What the exercise asks:
In the data below, reproduce everything exactly except the images.

Given data:

++++++

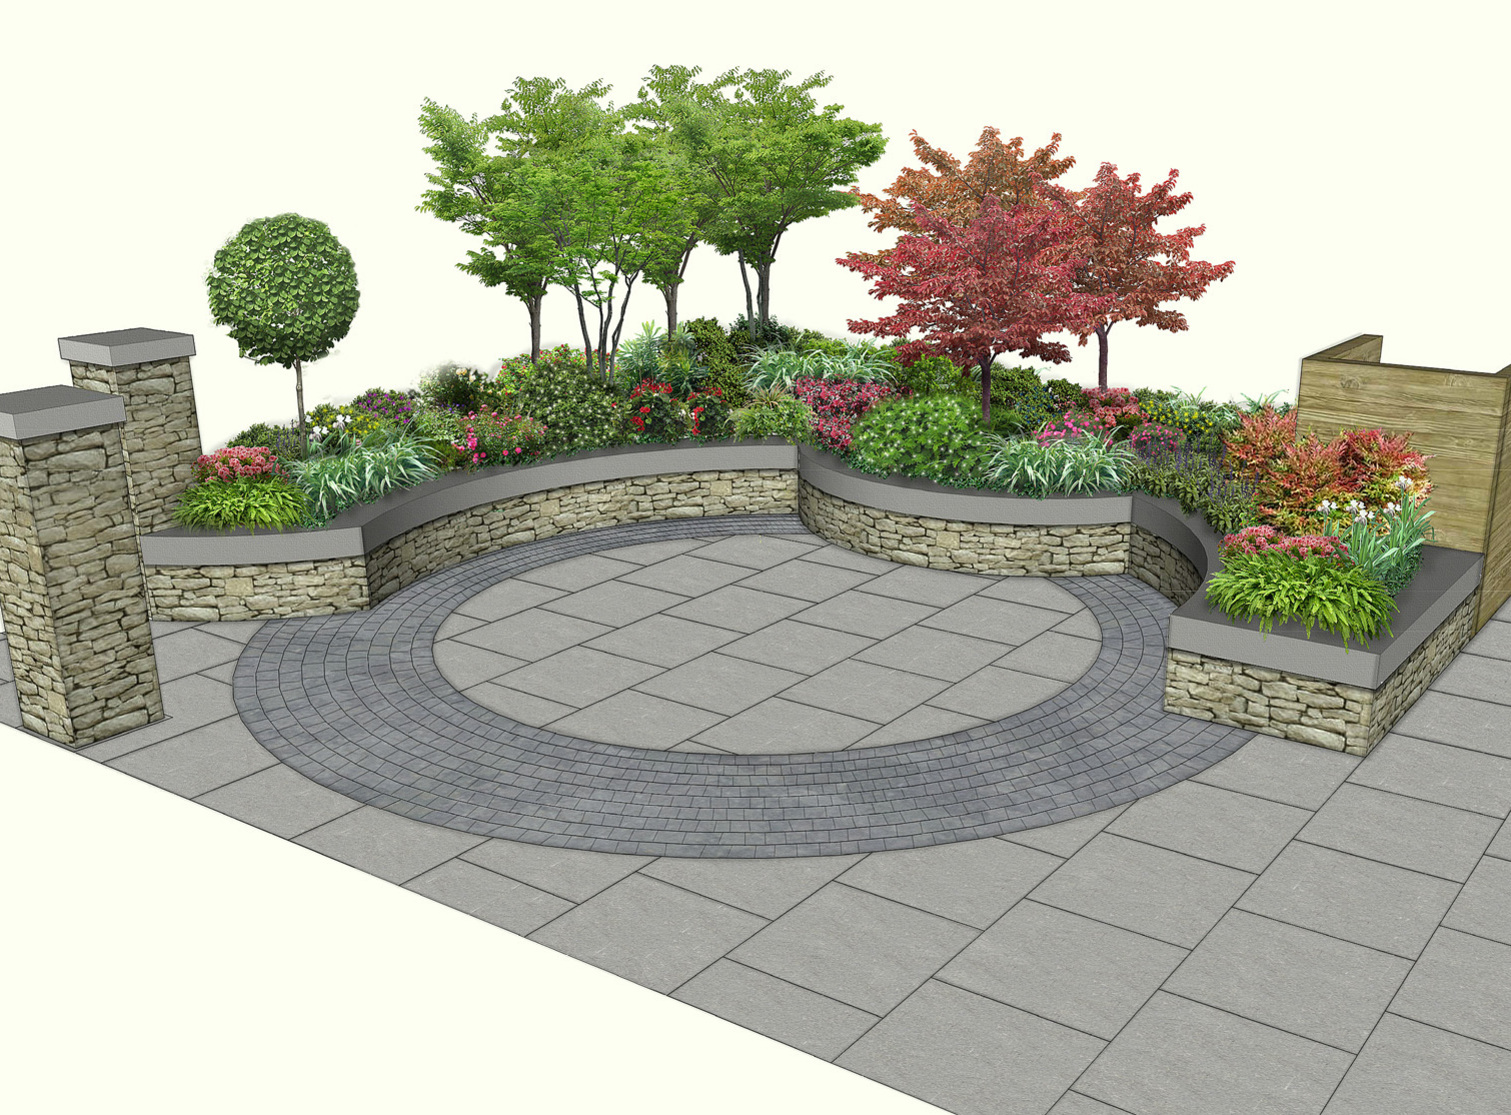 Garden Design for Raised Planter Bed, Milltown, Dublin 6
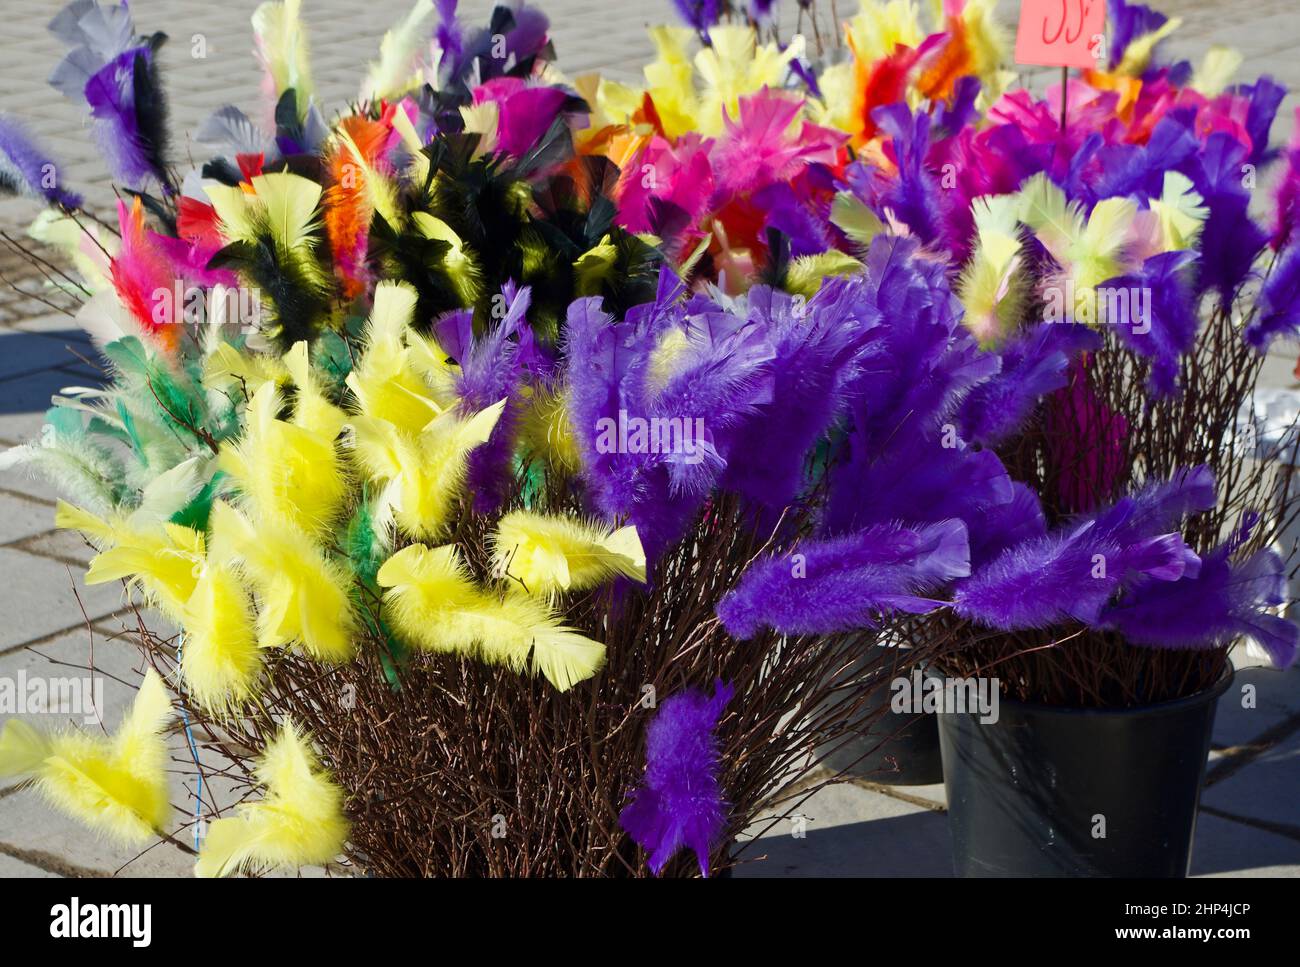 Brindilles de bouleau avec des plumes dans de nombreuses couleurs différentes comme décoration pendant le Carême et Pâques. Banque D'Images
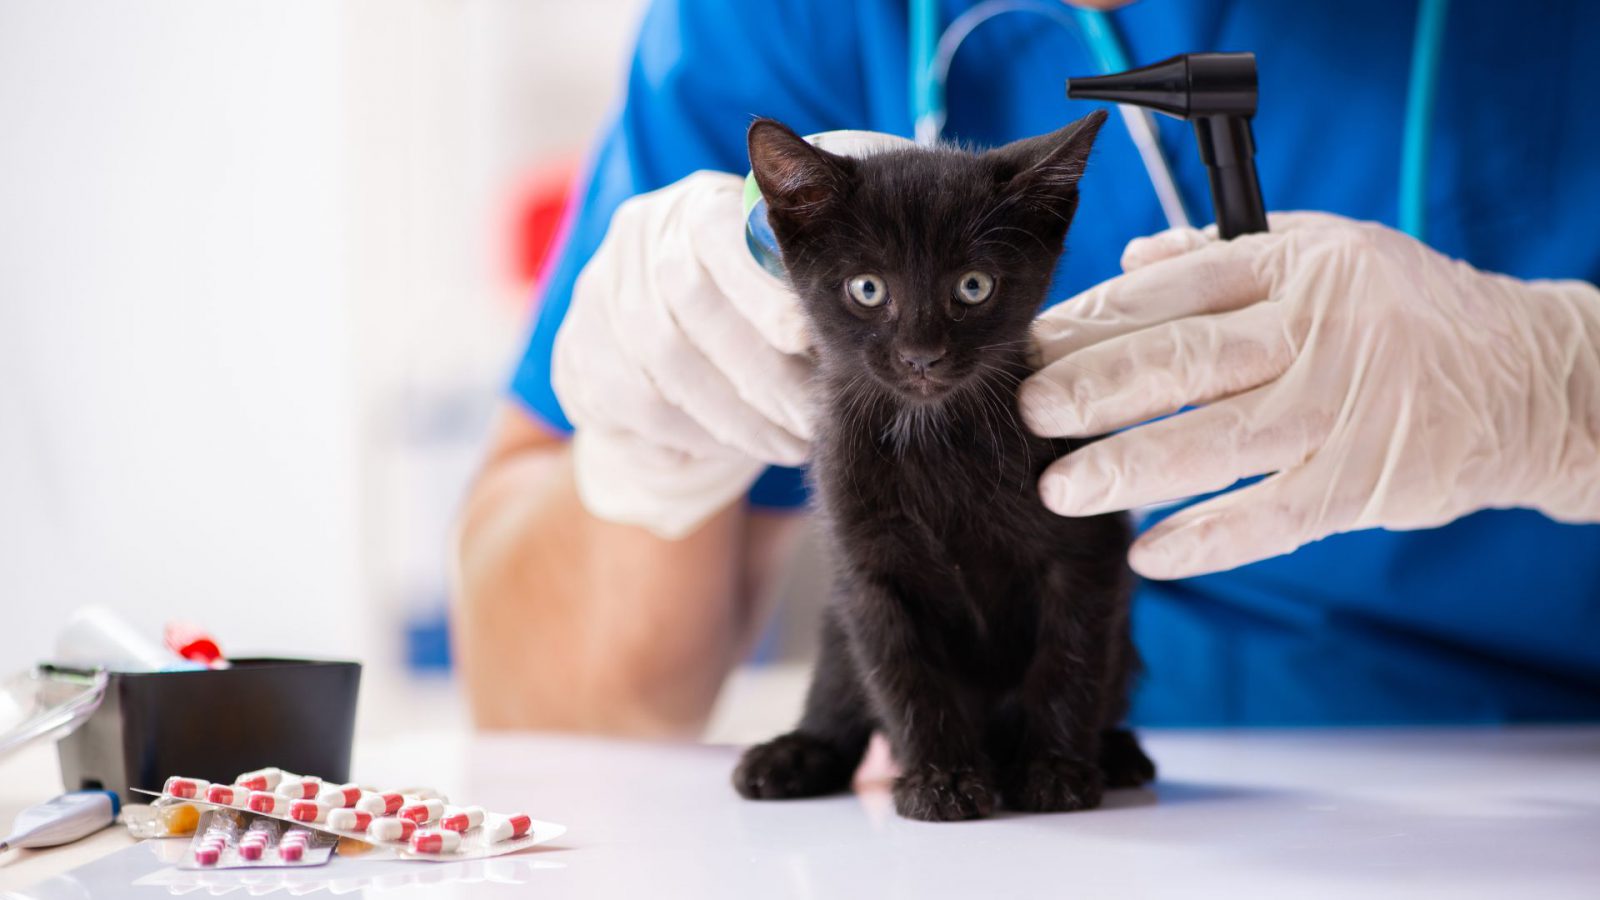 Veterinaria cuidando y protegiendo a un gato que ha sufrido lesiones

++++++

Answer for this exercise:
 Garden Design for Raised Planter Bed, Milltown, Dublin 6
 Brindilles de bouleau avec des plumes dans de nombreuses couleurs différentes comme décoration pendant le Carême et Pâques. Banque D'Images
 Veterinaria cuidando y protegiendo a un gato que ha sufrido lesiones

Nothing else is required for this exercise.